熱燗の魅力

燗酒の魅力

 ごくりと飲んだときの五臓六腑にしみわたる気持ちよさがたまらない。

 あたたかい燗酒は、飲むひとをホッとさせるやさしさのかたまりだ。

 炊きたてご飯のような穀物の香りと米の甘みも、忘れていたなにかを思い出させるような郷愁をさそう。

 そして、胃腸がゆっくり刺激され、お腹がすいてたまらなくなり、無性に何かが食べたくなる。つまみは、白いごはんに合うものならばなんでも。

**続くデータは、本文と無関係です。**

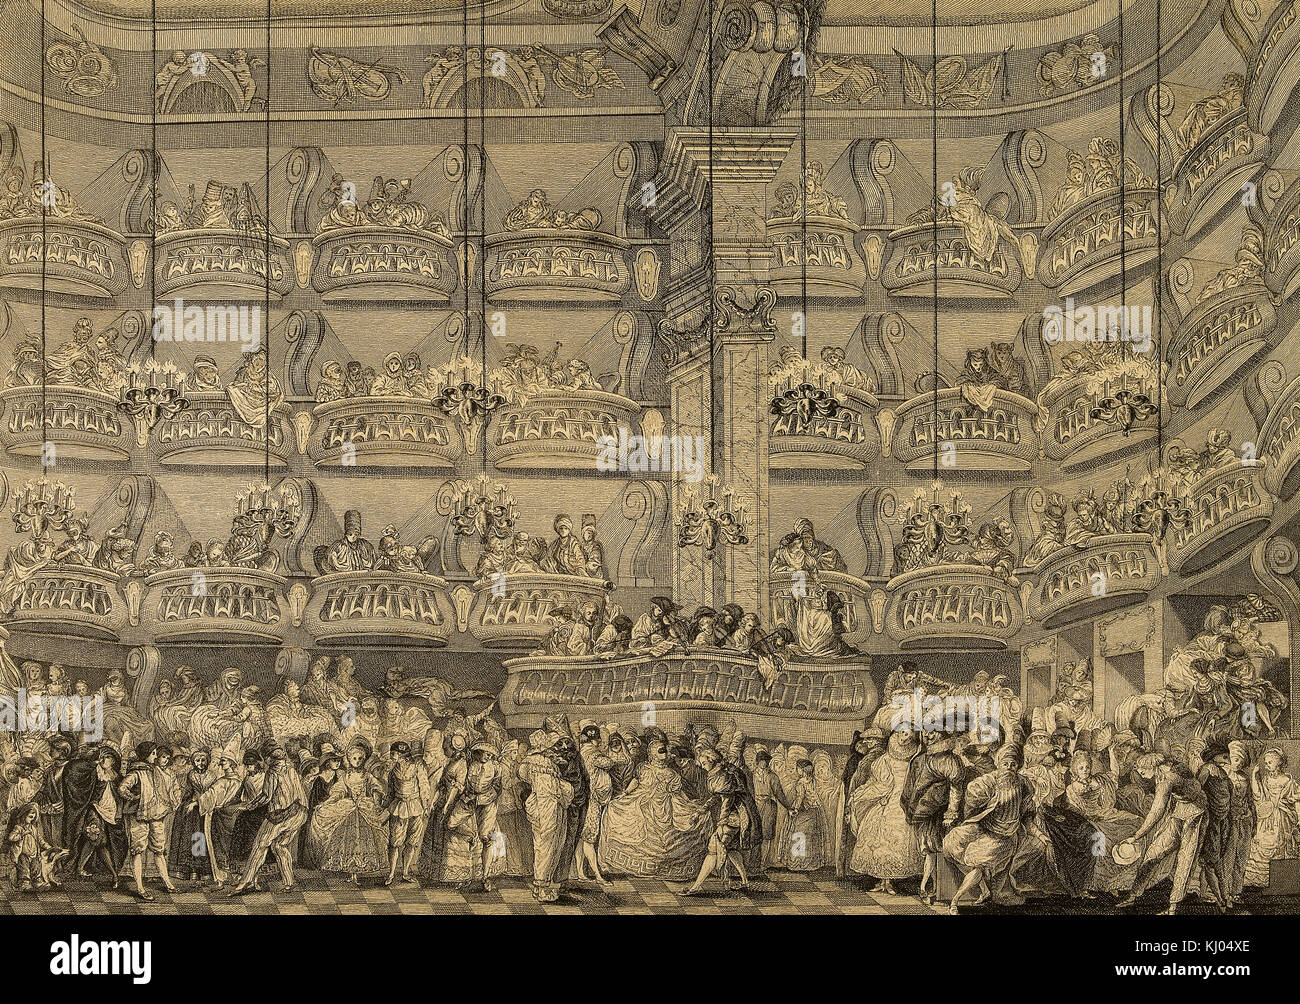 Spain. Madrid. Dance of masks given in the Teatro del Príncipe, 1770. Engraving by Juan Antonio Salvador Carmona y García (1740-1805) before a painting by Luis Paret y Alcazar (1746-1799). Stock Photo

 おひたしに焼魚、煮物に揚物。油揚げを香ばしく焼いたのや、カマボコを切っただけの板わさ、あつあつの魚介の出汁だけだって、さいこうの肴になる。めんどうなときは、冷蔵庫に少し残った漬物にきんぴら、カレーなど残りものを引っぱりだしてもいいし、乾き物だったら塩豆や柿ピーをぽりぽりかじりながら、静まりかえった夜にしんみり飲むのも捨てがたい。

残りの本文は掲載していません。